As a Princeton architecture student in the 1970’s (almost the entire decade — 1971-79) I was Graves’ student in design studio, repeatedly took his Visual Studies class, and had him on reviews. Five Architects was well thumbed, Peter Eisenman showed up for Michael’s juries. The Institute — not the American Institute of Architects but rather the Institute for Architecture and Urban Studies — was a mecca for internships with Peter, Rem Koolhaas, and a host of others making their own mayhem in New York. Oppositions came out regularly: a platform for an academic discourse on architecture and planning that may have singlehandedly invented its own private language through appropriation of critical thought from the other more verbal disciplines of literature, philosophy and history. And I was a Navy-brat-public-school kid from Los Angeles, transplanted by ambition to the recently co-educated ivy halls.
The School of Architecture and Urban Planning, as it was called then, had a magical attraction. Its students were believers, dedicated to all-night studio charrettes, a collective esprit not found in the individuated carrels of Firestone Library. And you could talk all the time. There were factions on the faculty — a dean who believed in the importance of social factors in design, geezers still teaching ink washes in the beaux-arts style (thank goodness!), and young luminaries: Graves, Peter Waldman, Tony Vidler, Diana Agrest, Harrison Fraker and others, presciently assembled junior faculty, even a woman!
Michael was the attraction for the school. Young, attractive, almost famous, like a rock star at the cusp of playing stadiums, but still in the small clubs, developing a following. But he was first and foremost a teacher, and for me at least, a very good one. He taught me to see — everything from Depression-era measuring cups and eggbeaters he collected at the Englishtown Fleamarket to Cezanne, the architecture of Borromini, and the gardens of the Villa Lante. I learned the history of architecture as a prologue to the design enterprise. I learned to draw and color as a form of self-expression, and as a way in to the thinking about architecture.
Later on, Michael became very famous. He turned his obsession with domestic physical culture into an empire of easy-grip adorable appliances for Alessi, Target, and other purveyors of Everyman’s stuff. His architecture was forever exploring, not afraid to be figural. He was never an angry Modernist razoring his contexts. The unwholesome elites moved on to expanded mesh and jagged gashing in their environments both civic and suburban. Michael stayed in Princeton. He kept teaching.

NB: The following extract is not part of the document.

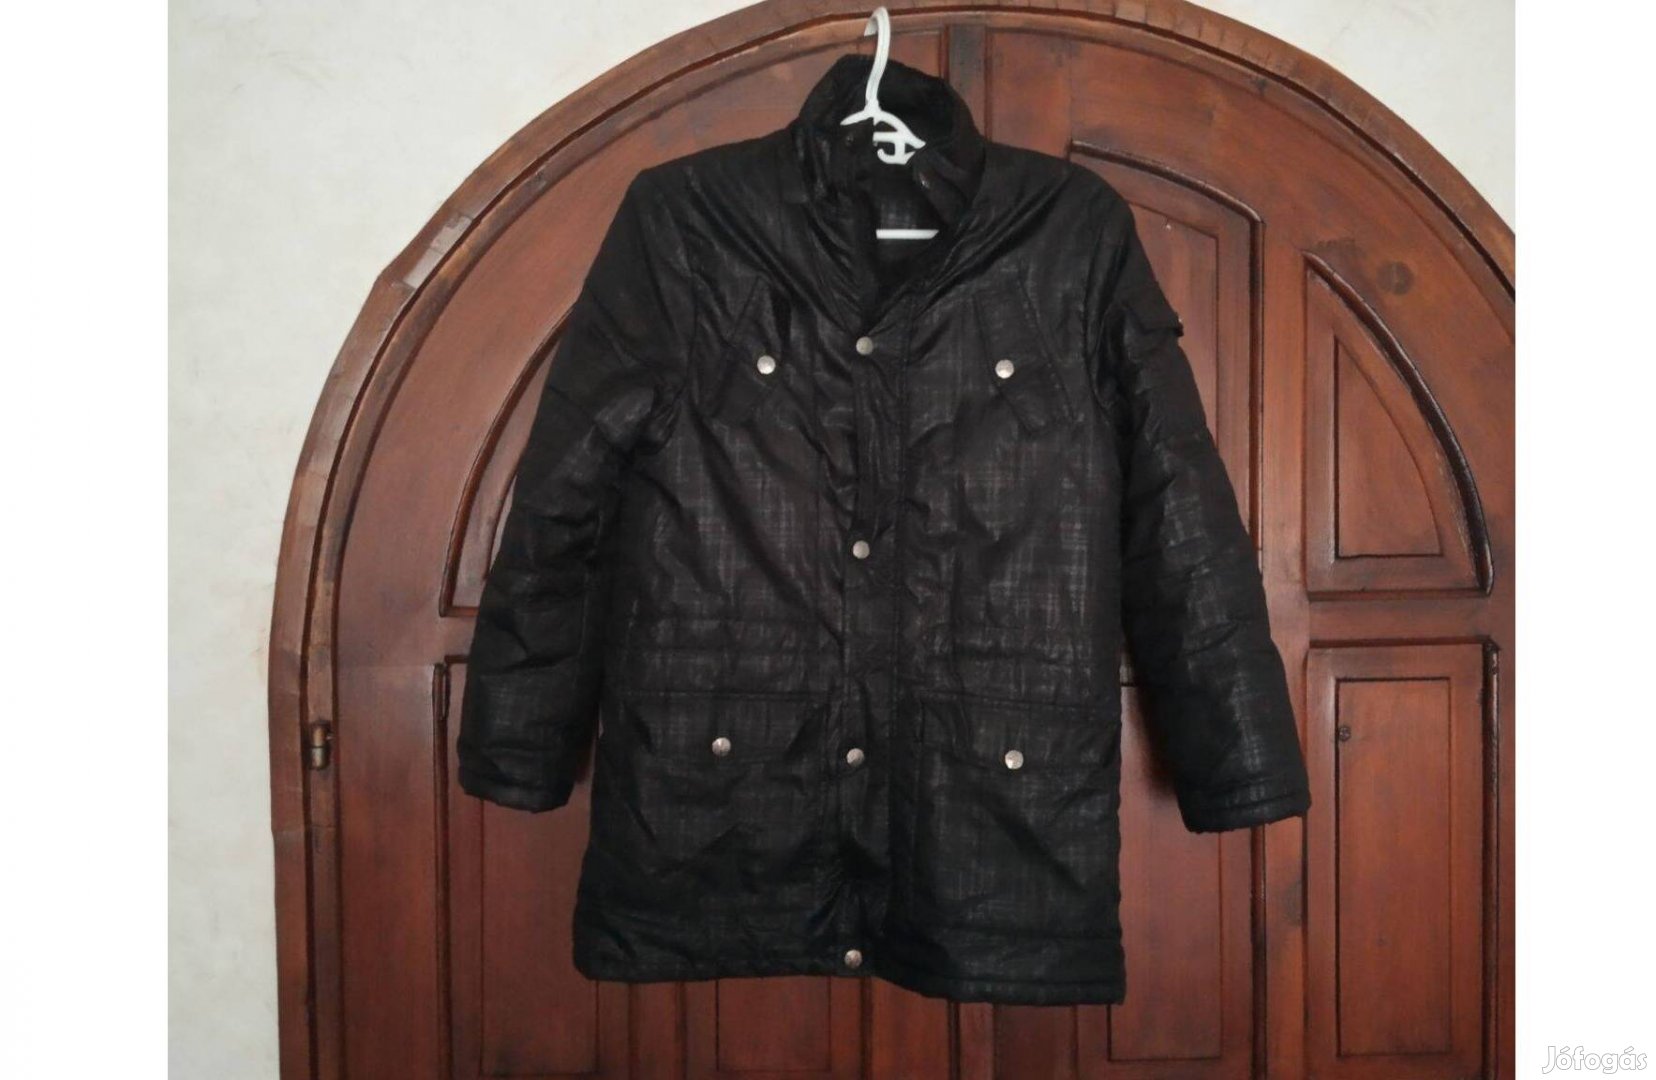 Fekete színű női dzseki "S" méret, Okay 164 márka, tavaszra,őszre

The ratio of students to faculty favored relationships, and the intimacy of the studio spawned enduring ones. In my M.Arch class (1979) six students married each other. Michael was generous with his time. We were invited to his permanently under-construction Warehouse — at that point quite raw, later the stuff of Architectural Digest. He mentored us, helped us find jobs with others. If we needed recommendations for teaching positions, they were so glowing we had to live up to the hype, justifying his confidence in us with our own effort.
When I talk to others in the profession, I hear different stories. Some recall being ignored. Others say they were somehow damaged. One classmate mentioned the movie Whiplash when I brought up the topic of Graves’s teaching. That is not what I remember. I remember the moments of discovery, gently prodded to a decent organizational structure for my Cenotaph for Albert Einstein. I recall his beautiful squiggles on yellow trace still rolled up with my rather lame Villa Snellman addition.
He gave his blessing to another creation that came out of that studio: our daughter Emily — as if he was the architectural grandfather to our first child.